[DATA LISTING Boundary: Start]

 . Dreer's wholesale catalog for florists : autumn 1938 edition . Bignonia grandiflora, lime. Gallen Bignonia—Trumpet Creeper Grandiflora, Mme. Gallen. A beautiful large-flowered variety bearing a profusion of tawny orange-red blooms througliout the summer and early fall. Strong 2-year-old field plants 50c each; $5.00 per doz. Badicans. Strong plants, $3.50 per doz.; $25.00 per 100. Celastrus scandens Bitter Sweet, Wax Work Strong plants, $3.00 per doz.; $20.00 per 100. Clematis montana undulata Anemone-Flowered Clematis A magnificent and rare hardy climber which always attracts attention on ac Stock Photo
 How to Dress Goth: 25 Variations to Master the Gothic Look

[DATA LISTING Boundary: End]
[DATA LISTING Boundary: Start]

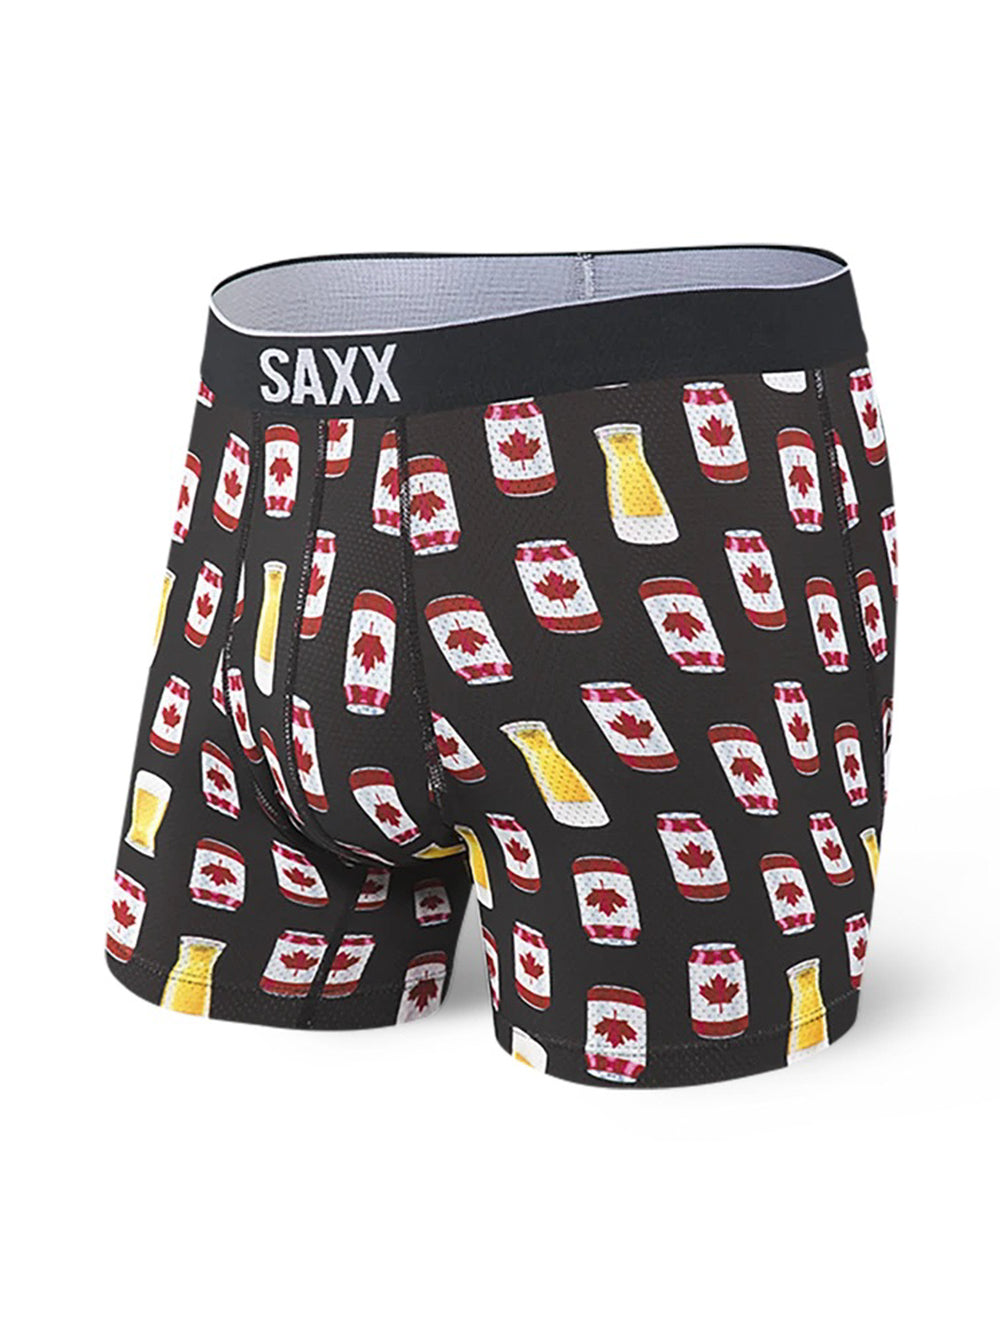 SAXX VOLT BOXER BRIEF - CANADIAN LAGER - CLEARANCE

[DATA LISTING Boundary: End]
[DATA LISTING Boundary: Start]

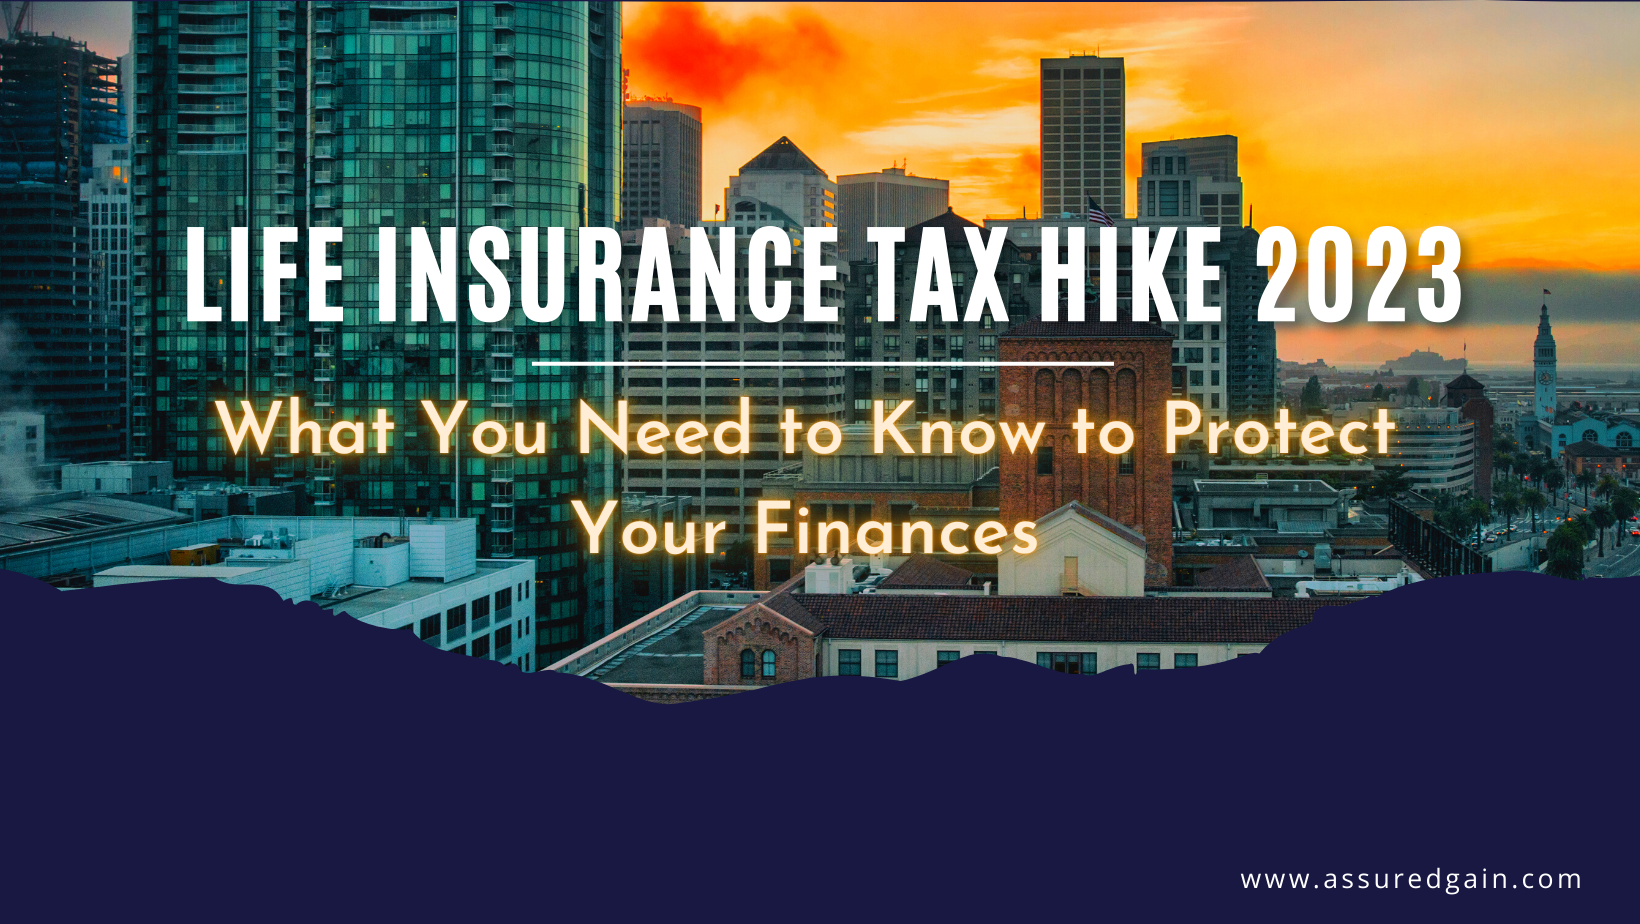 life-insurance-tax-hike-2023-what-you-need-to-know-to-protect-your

[DATA LISTING Boundary: End]

Referring to the material above, set down exactly the lines between the line with "ac Stock Photo" and the line with "How to Dress", inclusive, and no other lines.

 . Dreer's wholesale catalog for florists : autumn 1938 edition . Bignonia grandiflora, lime. Gallen Bignonia—Trumpet Creeper Grandiflora, Mme. Gallen. A beautiful large-flowered variety bearing a profusion of tawny orange-red blooms througliout the summer and early fall. Strong 2-year-old field plants 50c each; $5.00 per doz. Badicans. Strong plants, $3.50 per doz.; $25.00 per 100. Celastrus scandens Bitter Sweet, Wax Work Strong plants, $3.00 per doz.; $20.00 per 100. Clematis montana undulata Anemone-Flowered Clematis A magnificent and rare hardy climber which always attracts attention on ac Stock Photo
 How to Dress Goth: 25 Variations to Master the Gothic Look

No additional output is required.